So, before asking for feedback on ports@, make sure the ports are in "good shape"


----------



## sadaszewski (May 27, 2020)

Zirias said:


> Except for huge repositories with pre-made "docker containers", and I bet that's often the reason people want Docker on FreeBSD – and in that case, all you can say is: won't work.



Well, it sounds almost as if you weren't using Docker that much yourself. I am using it daily and the case of pre-made containers is a marginal one. Unless by pre-made you consider as well the base system images (alpine, ubuntu, etc). You usually build your customized container yourself, as it is very easy.

Anyhow, Focker by definition aims to run containerized FreeBSD not Linux, therefore all those docker containers simply never were a target. Why would one like to run Linux on FreeBSD when the same can be easily achieved by building a corresponding FreeBSD image is beyond me.



Zirias said:


> Otherwise, there are a variety of tools using jails/zfs for something similar (arguably: better) already. I think e.g. Bastille aims at something pretty similar. That's *not* meant to criticize your project, I didn't look at either



Well, ok. No offense but without taking a look you really have no idea what you are talking about. I have inspected BastilleBSD very closely (PRIOR to starting the development of Focker) and it comes nowhere close neither to the functionality nor to the quality of Focker. I mean c'mon a system that is supposed to manage my jail deployments without test coverage? Please...

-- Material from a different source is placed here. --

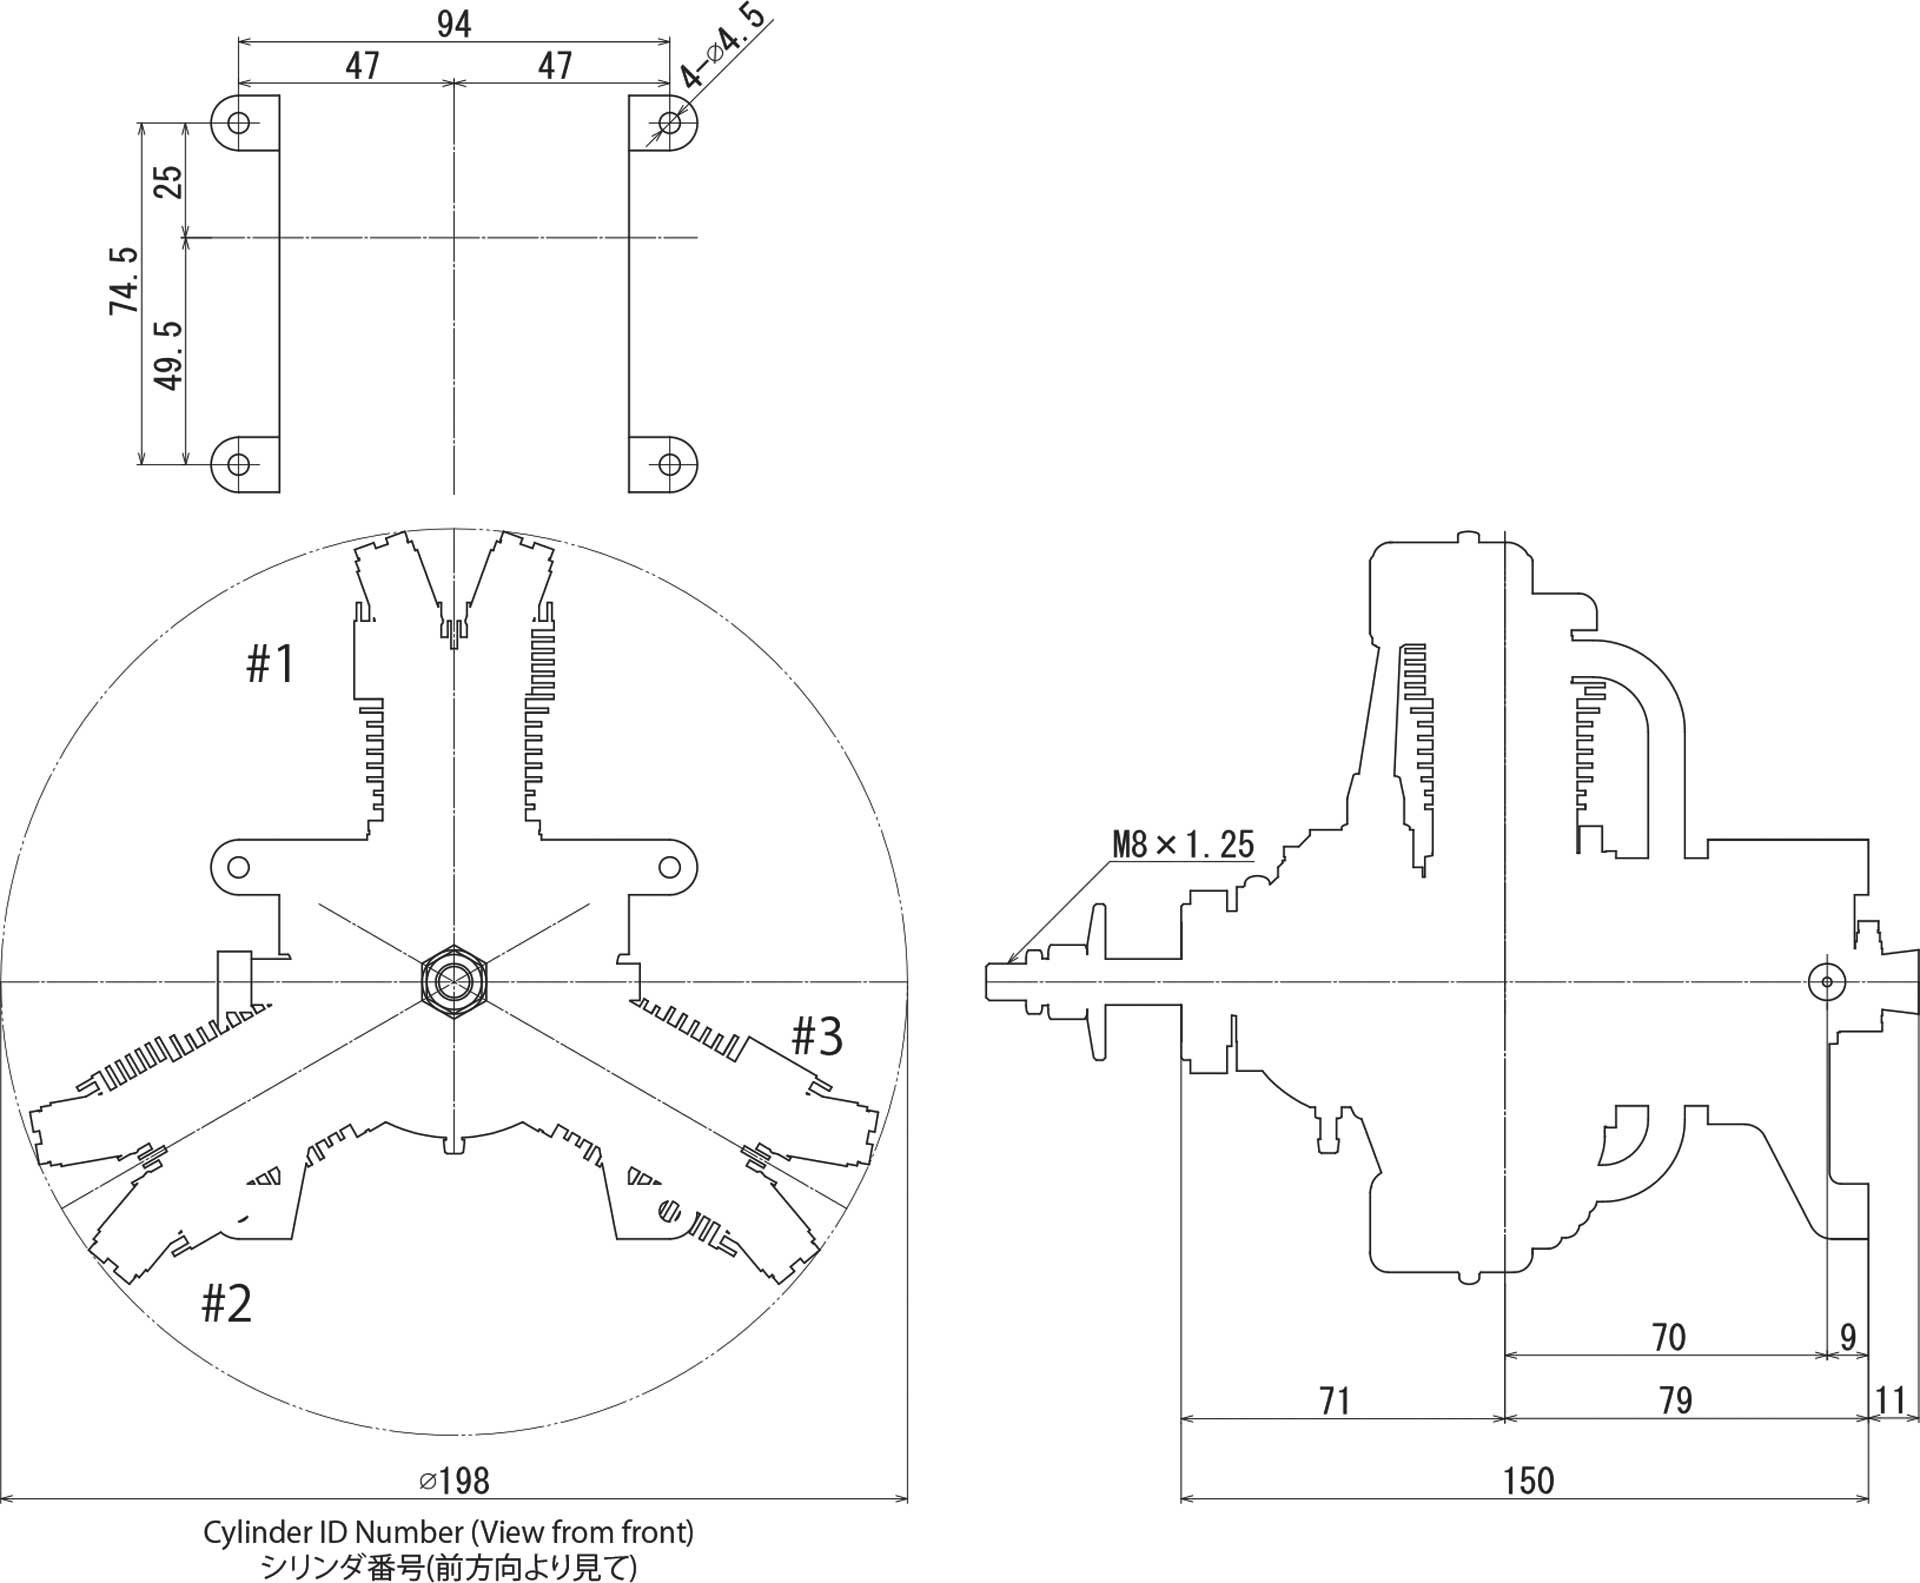 SAITO FG-33R3 BENZIN STERNMOTOR 3-ZYLINDER
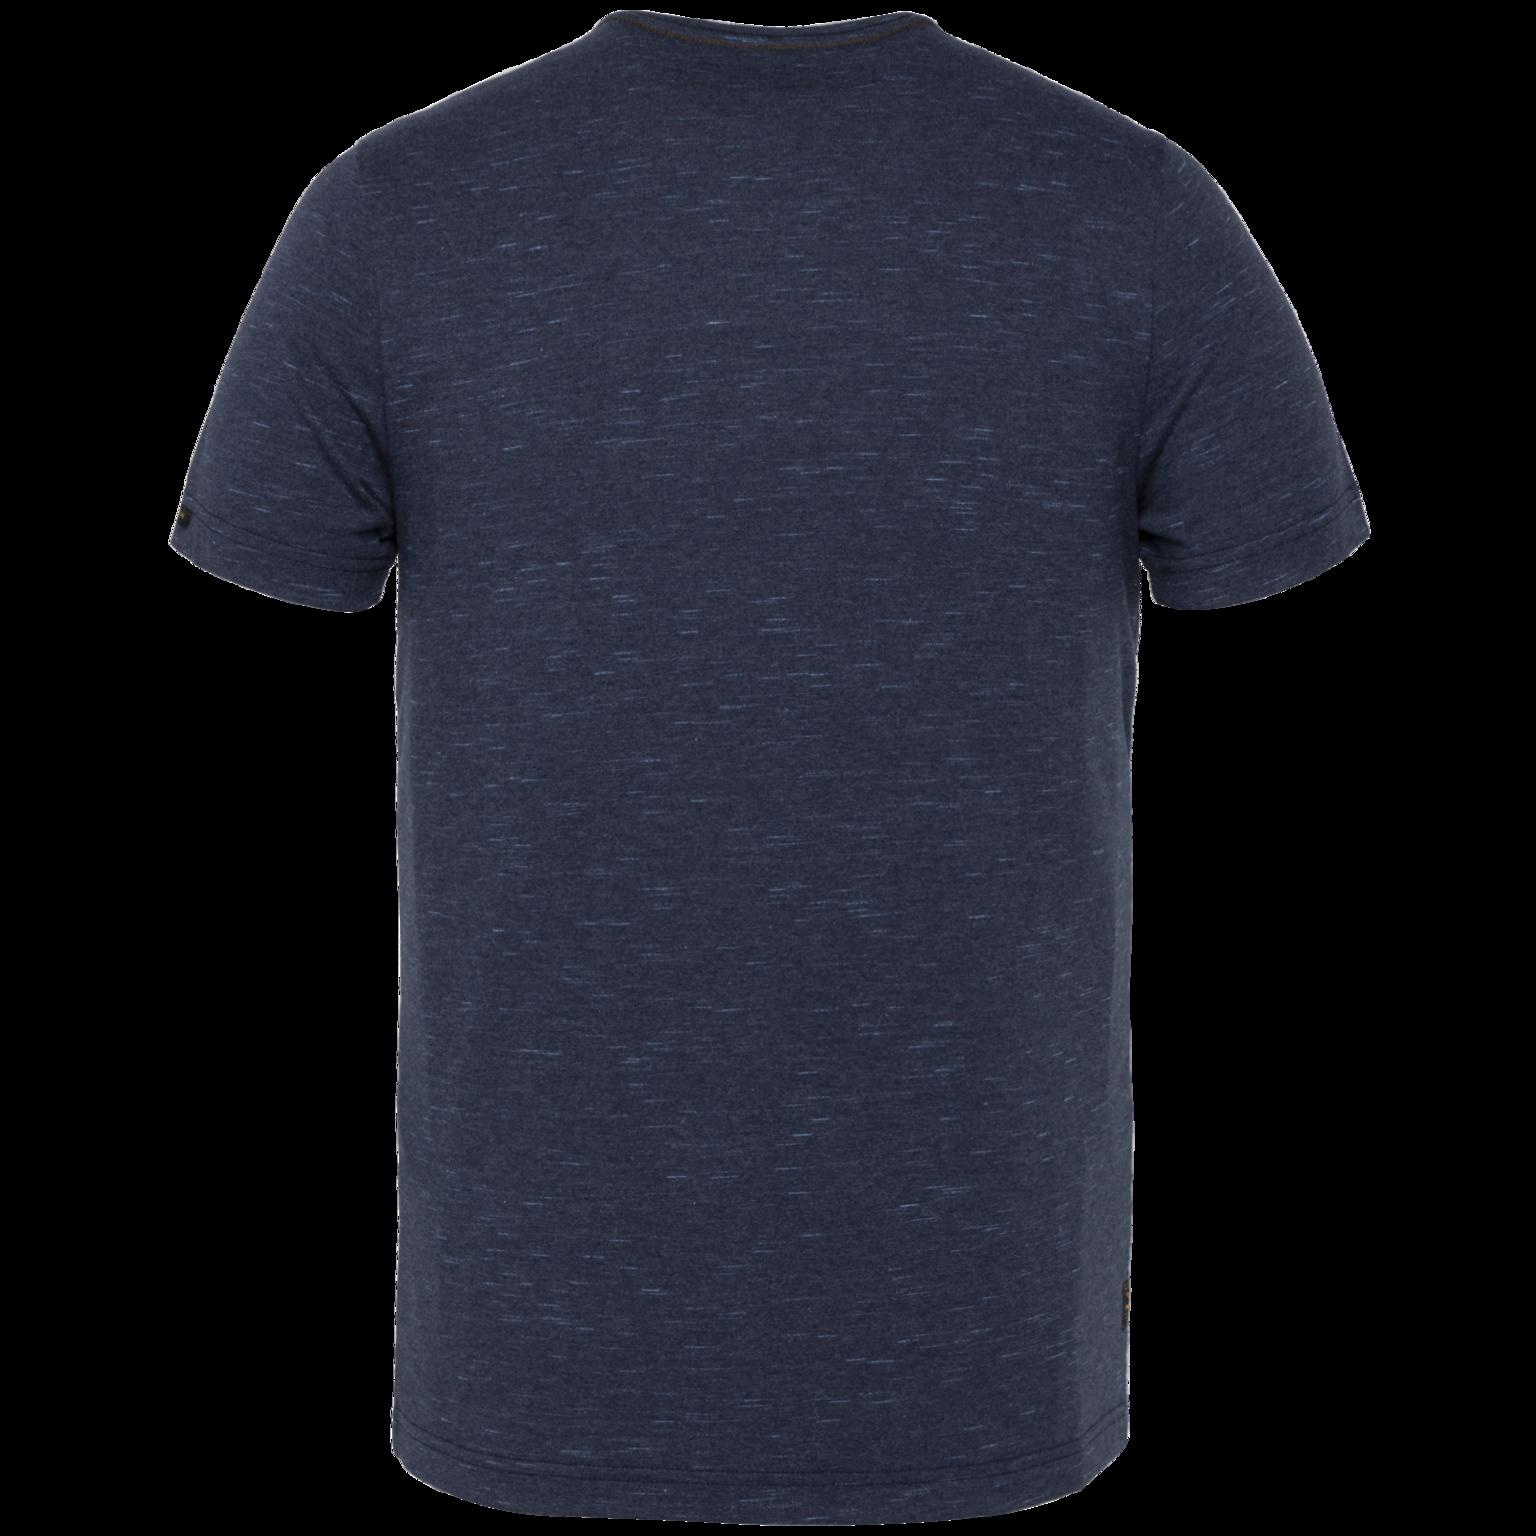 PME t-shirt melange jersey-2

Again, there is nothing better on FreeBSD that mimicks the experience of Docker with the difference that it actually runs FreeBSD userland inside of the containers. Focker has the same build logic using Fockerfiles and has the focker-compose.yml based declarative jail creation, no need to wrap it any kind of additional tool like Ainsible. It itself enforces the desired state of all jail deployments.



Zirias said:


> And some choice never hurts! All I was saying is: Don't "necropost" Docker-related threads just for promotion, at least IMHO. A hint in a current Docker-related thread probably makes sense though, as for _some_ usecases, it might actually be what people are looking for.


Ok, good, I think no more dead Docker-related threads are left anyway 



Zirias said:


> That's good! If it sits there without _any_ feedback for too long (say: 2 months?), it might have been overlooked. In that case, I'd kindly ask on ports@ for feedback  An official port is arguably the best way to make it easily accessible to users.
> 
> *edit:* I had a quick look, you should at least use ports-mgmt/portlint on ports you submit. E.g. the Makefile for py-jailconf could be fixed like this:
> 
> ...



Thank you for the tips. It seems like there is quite a lot of hassle to add anything to the ports tree. I am scared of how the eventual updates look like  For the time being I would really simply recommend an installation from the Git repository using python setup.py sdist && pip install.


----------